Женщине в любой ситуации хочется оставаться привлекательной. В гетто действовал запрет красить губы и делать прически, но при этом до 14 мая 1942 года продолжала работать и платить налоги мастерская дамских шляп Доры Бромбер, а до 20 августа – косметологический кабинет Шевы Шпильман.
Нацистская власть, все делавшая для убыли еврейского населения, наложила строжайший запрет на продолжение рода. Беременность несла женщине угрозу стерилизации, а местному населению в случае половых контактов с евреями грозила смертная казнь.
В этой связи такая история. 18-летний гузневец Федор Котович влюбился в молоденькую варшавянку, доставленную в брестское гетто после гибели родителей. Присмотрел ее как-то на работах в крепости и с той поры старался иметь с собой что-то съестное.
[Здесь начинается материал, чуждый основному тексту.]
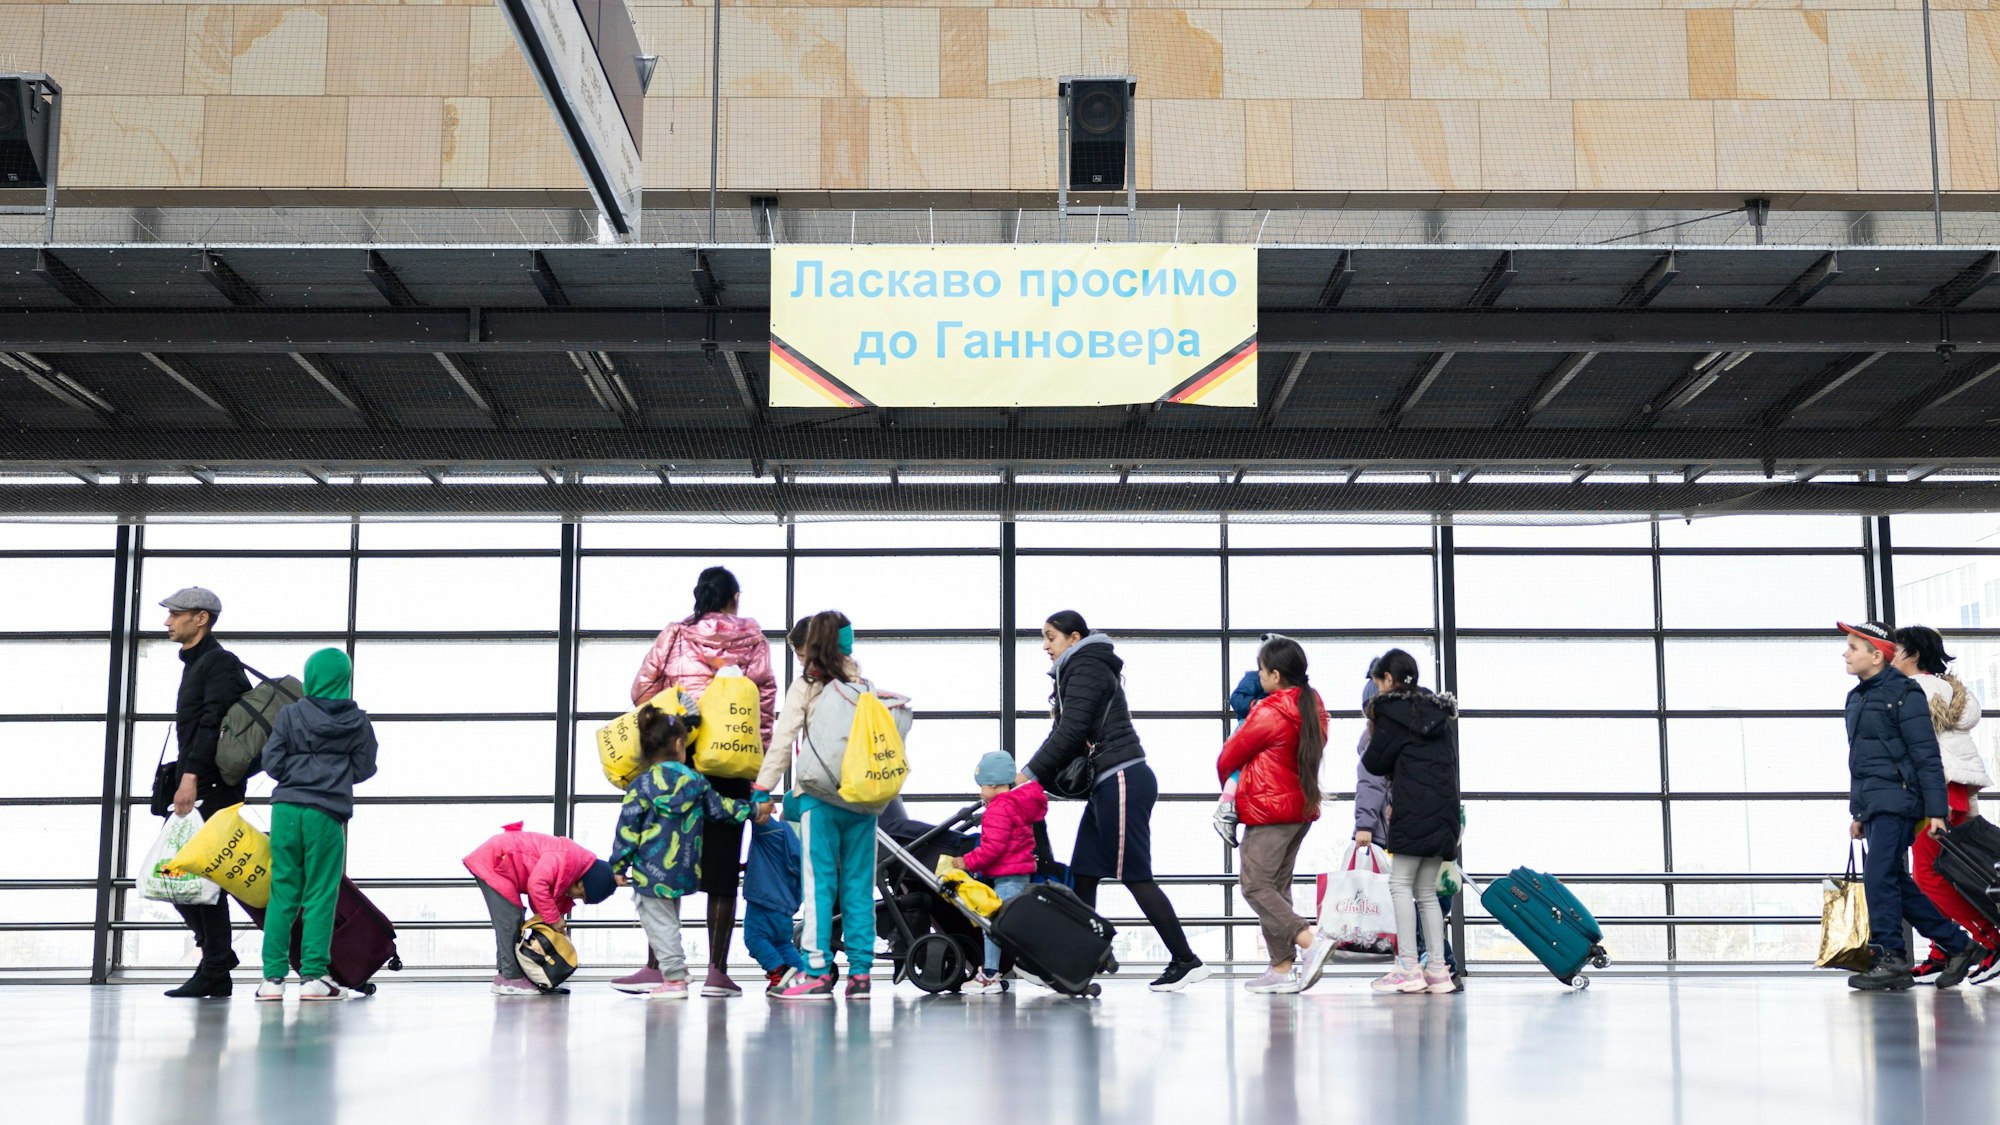 Geflüchtete aus der Ukraine laufen nach ihrer Ankunft durch die Eingangshalle vom Messebahnhof Laatzen in Hannover.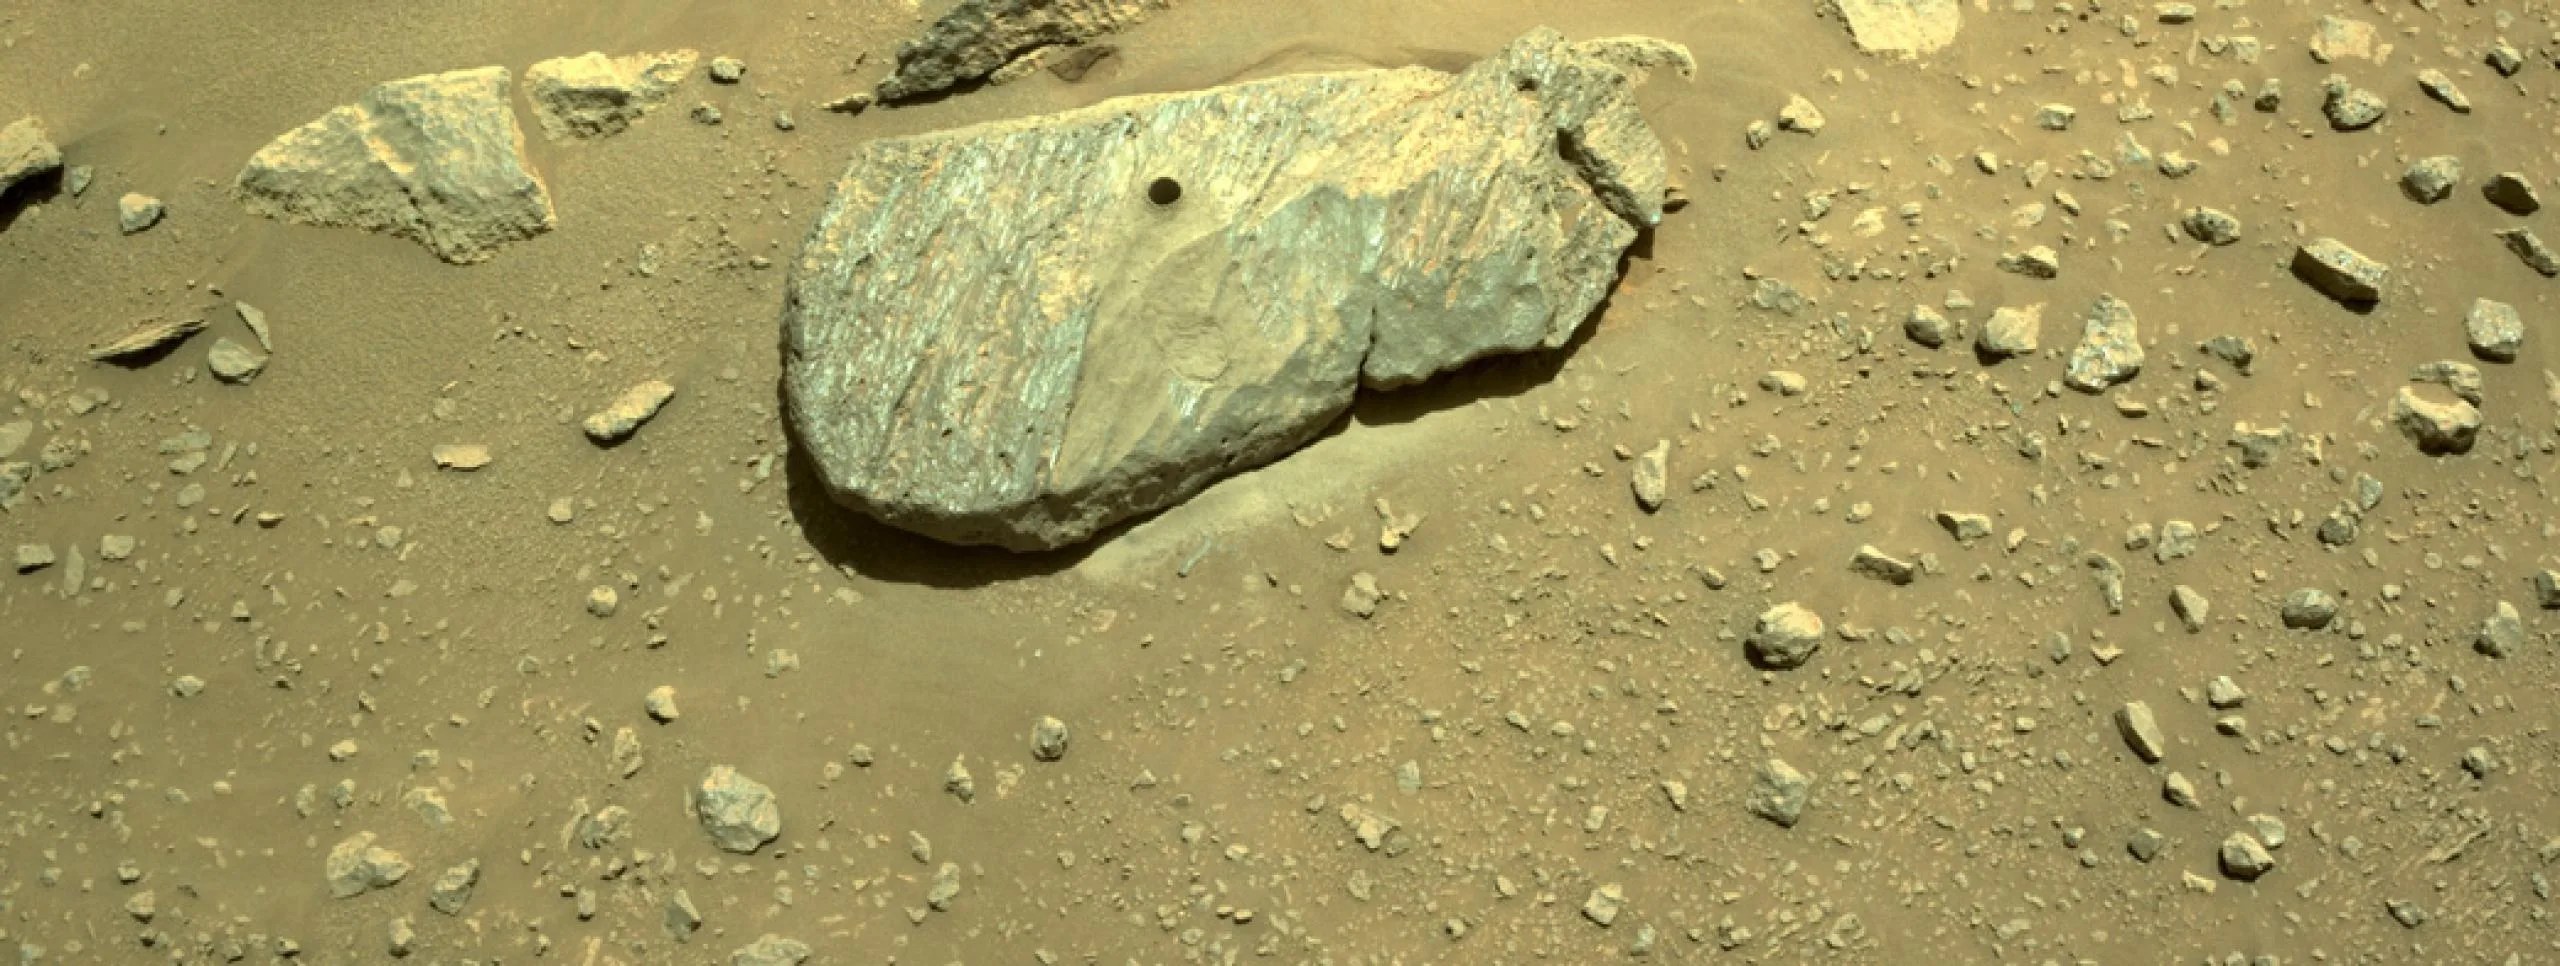 Recolección de primera muestra en Marte

«Они не в крепости, так дорогу чинили, – рассказывал Федор Федорович. – Машины идут, они ямки загребают. Я принесу кусок сала с хлебом, дам ей: «Ешь...» – «Ай, хазэр (свинина. – В.С.), нельзя!» – «Ну як хочешь, на цыбулю с хлебом...» Ой красива была!»
В крепости Федор с той варшавяночкой доставали из-под развалин и сносили под Тереспольские ворота трупы красноармейцев. Пожилой немец с повязкой «Тодт», одобрительно кивал: «Гут! Гут!» Но, взглянув на девушку, не преминул добавить: застукаю с ней – «шиссэн цвай капут», застрелю разом!